TASK » For the data below, restate word for word only the lines from the line containing "Albania cambios de" through the line containing "Easter eggs, tree flower branch Stock Photo", both ends included.

(SUPPLIED INFORMATION Opens)

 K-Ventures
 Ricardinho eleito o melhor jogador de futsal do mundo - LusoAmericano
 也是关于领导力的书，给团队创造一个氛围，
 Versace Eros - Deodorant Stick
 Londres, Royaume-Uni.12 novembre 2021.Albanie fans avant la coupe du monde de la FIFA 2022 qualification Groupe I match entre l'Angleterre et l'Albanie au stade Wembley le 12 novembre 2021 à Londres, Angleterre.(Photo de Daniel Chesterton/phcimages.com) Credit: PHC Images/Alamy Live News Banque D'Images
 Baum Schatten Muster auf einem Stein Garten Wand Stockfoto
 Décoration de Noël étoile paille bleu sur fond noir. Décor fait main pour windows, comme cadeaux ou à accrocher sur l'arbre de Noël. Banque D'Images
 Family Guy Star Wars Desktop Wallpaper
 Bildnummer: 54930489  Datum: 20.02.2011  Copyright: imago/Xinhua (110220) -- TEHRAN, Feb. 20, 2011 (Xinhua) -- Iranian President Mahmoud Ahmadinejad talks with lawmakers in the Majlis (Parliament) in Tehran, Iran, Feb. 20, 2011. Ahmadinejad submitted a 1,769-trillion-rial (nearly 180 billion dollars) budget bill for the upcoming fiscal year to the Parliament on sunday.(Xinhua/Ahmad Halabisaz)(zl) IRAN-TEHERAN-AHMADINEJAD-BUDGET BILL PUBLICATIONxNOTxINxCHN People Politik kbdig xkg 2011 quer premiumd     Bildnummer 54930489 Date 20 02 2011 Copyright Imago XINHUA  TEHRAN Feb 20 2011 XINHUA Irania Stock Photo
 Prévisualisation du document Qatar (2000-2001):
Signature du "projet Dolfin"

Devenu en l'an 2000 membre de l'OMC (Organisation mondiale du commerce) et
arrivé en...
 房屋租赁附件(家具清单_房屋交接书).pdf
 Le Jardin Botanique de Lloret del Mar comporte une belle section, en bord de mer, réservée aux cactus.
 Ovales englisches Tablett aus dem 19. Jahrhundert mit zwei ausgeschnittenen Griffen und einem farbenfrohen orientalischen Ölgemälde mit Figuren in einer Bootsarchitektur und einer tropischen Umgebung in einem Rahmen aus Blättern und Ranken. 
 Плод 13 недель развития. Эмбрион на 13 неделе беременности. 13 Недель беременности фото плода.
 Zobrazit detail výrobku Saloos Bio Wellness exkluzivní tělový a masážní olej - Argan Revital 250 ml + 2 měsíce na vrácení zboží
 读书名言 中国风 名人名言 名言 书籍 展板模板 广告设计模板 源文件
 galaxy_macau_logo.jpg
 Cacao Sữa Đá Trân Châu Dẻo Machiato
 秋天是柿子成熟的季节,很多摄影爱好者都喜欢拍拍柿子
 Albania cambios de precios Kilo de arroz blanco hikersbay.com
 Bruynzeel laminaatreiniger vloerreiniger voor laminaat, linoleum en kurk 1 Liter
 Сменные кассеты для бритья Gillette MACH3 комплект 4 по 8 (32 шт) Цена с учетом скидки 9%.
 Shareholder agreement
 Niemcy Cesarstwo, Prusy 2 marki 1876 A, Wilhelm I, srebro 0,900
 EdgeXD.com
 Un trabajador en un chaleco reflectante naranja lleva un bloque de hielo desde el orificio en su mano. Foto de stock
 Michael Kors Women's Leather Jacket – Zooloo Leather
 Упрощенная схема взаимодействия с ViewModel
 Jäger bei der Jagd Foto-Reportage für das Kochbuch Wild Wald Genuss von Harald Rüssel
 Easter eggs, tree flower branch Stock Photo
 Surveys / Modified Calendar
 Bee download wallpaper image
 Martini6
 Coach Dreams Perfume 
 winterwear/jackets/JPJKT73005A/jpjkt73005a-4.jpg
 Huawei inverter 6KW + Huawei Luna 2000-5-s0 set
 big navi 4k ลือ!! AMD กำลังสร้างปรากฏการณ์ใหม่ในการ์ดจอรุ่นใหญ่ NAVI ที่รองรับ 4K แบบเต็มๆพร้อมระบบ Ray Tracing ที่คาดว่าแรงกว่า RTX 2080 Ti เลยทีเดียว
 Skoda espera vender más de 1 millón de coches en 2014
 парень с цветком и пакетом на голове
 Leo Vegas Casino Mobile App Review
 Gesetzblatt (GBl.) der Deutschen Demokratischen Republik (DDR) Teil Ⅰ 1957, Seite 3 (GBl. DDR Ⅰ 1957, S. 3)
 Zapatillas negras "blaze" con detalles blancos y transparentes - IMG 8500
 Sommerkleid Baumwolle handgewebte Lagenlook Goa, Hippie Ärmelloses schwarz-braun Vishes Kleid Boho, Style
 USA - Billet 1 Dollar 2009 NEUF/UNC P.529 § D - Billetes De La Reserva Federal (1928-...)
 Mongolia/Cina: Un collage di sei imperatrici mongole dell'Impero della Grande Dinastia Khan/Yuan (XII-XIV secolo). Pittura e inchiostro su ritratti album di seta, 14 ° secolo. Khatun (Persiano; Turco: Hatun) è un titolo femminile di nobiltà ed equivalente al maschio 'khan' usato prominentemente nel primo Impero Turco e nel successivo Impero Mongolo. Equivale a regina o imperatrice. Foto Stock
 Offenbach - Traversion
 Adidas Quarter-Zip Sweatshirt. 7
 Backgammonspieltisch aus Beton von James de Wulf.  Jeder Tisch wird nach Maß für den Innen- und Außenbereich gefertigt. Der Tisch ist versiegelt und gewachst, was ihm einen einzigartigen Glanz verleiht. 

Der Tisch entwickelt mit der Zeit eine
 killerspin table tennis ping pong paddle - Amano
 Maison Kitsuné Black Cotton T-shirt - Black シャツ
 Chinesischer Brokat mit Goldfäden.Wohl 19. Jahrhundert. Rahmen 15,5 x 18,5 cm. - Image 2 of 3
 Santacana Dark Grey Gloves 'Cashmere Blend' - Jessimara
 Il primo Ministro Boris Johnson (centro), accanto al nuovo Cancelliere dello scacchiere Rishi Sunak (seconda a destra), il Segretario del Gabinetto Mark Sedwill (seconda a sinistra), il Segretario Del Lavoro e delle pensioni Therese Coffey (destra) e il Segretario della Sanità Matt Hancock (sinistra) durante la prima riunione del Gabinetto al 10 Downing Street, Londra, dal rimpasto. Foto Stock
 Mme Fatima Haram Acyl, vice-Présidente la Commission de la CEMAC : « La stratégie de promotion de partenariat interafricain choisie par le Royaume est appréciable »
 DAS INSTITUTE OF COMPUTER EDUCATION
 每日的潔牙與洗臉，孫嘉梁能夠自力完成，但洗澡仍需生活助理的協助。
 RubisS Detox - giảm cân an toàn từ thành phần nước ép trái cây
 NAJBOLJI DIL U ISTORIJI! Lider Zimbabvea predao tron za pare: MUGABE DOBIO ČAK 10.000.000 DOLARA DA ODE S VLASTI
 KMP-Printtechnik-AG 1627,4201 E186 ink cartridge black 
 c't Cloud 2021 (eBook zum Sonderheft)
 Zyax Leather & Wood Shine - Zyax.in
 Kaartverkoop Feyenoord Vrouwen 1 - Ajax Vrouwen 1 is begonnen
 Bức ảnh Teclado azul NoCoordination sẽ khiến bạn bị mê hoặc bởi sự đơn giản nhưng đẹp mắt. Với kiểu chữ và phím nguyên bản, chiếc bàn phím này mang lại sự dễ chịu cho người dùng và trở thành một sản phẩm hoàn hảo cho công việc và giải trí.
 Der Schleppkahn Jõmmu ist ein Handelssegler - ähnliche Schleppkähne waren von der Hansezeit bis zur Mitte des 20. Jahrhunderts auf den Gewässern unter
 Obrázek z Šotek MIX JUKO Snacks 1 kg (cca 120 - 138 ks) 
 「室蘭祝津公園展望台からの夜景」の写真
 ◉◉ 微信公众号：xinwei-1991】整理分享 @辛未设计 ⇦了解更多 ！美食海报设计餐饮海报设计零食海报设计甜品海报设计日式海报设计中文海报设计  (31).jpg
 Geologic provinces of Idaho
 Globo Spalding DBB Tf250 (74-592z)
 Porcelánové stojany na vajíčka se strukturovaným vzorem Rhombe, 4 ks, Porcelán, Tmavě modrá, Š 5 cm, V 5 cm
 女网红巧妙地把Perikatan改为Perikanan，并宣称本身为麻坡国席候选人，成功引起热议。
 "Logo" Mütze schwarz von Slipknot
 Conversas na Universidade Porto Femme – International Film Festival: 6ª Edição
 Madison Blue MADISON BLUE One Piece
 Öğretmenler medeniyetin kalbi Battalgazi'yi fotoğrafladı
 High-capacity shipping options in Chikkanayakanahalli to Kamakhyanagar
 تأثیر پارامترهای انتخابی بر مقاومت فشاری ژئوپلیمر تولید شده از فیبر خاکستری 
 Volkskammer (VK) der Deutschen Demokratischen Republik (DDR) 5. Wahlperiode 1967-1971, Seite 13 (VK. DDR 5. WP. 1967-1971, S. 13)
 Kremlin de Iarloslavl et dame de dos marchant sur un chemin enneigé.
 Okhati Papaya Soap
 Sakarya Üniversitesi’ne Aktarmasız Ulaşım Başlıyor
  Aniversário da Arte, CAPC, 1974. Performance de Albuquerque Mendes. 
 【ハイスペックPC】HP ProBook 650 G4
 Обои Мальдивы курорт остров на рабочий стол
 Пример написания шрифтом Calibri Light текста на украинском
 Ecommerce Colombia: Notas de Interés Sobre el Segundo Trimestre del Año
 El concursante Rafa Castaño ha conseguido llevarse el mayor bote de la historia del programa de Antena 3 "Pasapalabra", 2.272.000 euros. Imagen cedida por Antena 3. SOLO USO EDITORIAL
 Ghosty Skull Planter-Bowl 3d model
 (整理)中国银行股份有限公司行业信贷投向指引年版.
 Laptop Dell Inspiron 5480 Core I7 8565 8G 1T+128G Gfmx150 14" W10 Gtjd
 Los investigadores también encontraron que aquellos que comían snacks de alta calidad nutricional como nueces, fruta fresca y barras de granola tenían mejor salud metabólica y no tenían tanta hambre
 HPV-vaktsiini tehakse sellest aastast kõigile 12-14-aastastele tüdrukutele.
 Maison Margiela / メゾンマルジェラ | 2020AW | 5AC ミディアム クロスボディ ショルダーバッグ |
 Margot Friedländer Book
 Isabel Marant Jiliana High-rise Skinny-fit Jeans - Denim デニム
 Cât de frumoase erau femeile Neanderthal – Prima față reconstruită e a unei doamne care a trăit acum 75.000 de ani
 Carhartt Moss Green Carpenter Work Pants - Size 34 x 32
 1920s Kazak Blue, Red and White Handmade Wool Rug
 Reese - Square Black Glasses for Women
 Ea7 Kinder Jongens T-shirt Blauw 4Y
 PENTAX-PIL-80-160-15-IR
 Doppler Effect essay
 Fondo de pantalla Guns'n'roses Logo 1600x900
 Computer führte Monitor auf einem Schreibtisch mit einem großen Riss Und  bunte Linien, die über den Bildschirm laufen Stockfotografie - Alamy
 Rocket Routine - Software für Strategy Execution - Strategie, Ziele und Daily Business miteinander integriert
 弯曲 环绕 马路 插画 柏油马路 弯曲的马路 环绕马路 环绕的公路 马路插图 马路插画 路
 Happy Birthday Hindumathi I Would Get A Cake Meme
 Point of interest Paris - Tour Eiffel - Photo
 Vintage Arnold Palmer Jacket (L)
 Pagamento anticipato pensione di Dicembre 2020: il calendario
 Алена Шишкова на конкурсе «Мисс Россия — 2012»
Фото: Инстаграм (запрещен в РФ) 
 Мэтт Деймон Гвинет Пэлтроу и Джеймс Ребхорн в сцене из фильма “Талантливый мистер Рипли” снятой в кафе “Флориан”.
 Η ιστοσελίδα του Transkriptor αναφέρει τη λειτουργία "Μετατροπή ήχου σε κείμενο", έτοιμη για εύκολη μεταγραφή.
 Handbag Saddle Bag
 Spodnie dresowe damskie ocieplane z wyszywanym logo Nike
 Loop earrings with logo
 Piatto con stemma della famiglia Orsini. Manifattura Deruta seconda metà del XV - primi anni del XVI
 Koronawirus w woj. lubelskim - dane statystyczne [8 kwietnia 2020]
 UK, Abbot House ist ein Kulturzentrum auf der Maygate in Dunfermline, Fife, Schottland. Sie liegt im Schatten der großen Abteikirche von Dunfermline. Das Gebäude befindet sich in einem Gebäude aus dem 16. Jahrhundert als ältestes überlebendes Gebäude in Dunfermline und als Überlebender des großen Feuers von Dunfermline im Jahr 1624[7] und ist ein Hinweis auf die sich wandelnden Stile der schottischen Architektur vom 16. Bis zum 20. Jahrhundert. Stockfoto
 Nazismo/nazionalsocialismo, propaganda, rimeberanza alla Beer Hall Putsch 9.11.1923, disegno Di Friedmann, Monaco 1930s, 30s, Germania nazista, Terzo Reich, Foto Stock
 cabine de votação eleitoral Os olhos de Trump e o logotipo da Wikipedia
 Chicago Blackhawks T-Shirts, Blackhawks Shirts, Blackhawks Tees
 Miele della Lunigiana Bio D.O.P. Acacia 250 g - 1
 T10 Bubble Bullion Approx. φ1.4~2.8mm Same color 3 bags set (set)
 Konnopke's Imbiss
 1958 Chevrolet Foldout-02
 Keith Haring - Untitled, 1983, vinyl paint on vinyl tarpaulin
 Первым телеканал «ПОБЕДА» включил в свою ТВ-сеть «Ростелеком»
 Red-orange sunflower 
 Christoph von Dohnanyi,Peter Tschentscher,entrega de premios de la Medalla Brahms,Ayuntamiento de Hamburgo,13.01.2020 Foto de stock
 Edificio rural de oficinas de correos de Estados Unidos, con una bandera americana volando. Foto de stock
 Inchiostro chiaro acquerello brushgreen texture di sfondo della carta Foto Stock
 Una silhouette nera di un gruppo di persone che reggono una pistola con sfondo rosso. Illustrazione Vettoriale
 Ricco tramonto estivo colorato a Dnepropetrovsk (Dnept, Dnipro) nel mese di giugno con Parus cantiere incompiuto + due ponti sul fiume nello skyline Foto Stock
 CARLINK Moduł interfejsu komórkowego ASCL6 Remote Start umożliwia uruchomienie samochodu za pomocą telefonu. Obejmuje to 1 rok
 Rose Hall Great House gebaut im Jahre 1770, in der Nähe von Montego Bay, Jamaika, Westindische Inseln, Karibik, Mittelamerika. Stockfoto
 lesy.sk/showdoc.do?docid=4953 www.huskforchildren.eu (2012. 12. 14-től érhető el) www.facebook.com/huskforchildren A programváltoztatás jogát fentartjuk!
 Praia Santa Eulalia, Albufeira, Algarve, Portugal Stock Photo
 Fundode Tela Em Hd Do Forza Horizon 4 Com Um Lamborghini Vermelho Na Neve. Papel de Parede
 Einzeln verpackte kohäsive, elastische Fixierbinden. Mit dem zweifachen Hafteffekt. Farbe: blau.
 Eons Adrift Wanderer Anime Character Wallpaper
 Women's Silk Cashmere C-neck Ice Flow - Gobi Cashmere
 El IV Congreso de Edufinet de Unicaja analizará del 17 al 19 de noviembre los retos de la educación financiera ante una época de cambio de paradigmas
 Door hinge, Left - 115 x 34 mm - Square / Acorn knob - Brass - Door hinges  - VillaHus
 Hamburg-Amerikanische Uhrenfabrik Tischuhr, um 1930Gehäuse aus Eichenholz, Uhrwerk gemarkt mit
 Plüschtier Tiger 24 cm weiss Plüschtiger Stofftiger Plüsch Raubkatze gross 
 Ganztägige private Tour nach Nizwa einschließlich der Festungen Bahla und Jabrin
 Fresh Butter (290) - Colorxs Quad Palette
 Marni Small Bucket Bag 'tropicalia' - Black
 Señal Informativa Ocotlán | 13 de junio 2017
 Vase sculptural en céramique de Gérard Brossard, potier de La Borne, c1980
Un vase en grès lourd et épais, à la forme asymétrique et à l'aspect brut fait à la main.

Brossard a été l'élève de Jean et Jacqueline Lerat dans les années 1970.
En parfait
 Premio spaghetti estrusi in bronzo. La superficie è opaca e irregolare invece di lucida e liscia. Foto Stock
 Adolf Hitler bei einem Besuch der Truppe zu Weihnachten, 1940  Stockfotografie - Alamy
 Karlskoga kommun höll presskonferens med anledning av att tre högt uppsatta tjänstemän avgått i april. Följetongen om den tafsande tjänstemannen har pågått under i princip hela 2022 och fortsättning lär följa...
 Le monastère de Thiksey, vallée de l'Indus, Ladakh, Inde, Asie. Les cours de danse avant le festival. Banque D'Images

(SUPPLIED INFORMATION Closes)

TASK SOLUTION »
 Albania cambios de precios Kilo de arroz blanco hikersbay.com
 Bruynzeel laminaatreiniger vloerreiniger voor laminaat, linoleum en kurk 1 Liter
 Сменные кассеты для бритья Gillette MACH3 комплект 4 по 8 (32 шт) Цена с учетом скидки 9%.
 Shareholder agreement
 Niemcy Cesarstwo, Prusy 2 marki 1876 A, Wilhelm I, srebro 0,900
 EdgeXD.com
 Un trabajador en un chaleco reflectante naranja lleva un bloque de hielo desde el orificio en su mano. Foto de stock
 Michael Kors Women's Leather Jacket – Zooloo Leather
 Упрощенная схема взаимодействия с ViewModel
 Jäger bei der Jagd Foto-Reportage für das Kochbuch Wild Wald Genuss von Harald Rüssel
 Easter eggs, tree flower branch Stock Photo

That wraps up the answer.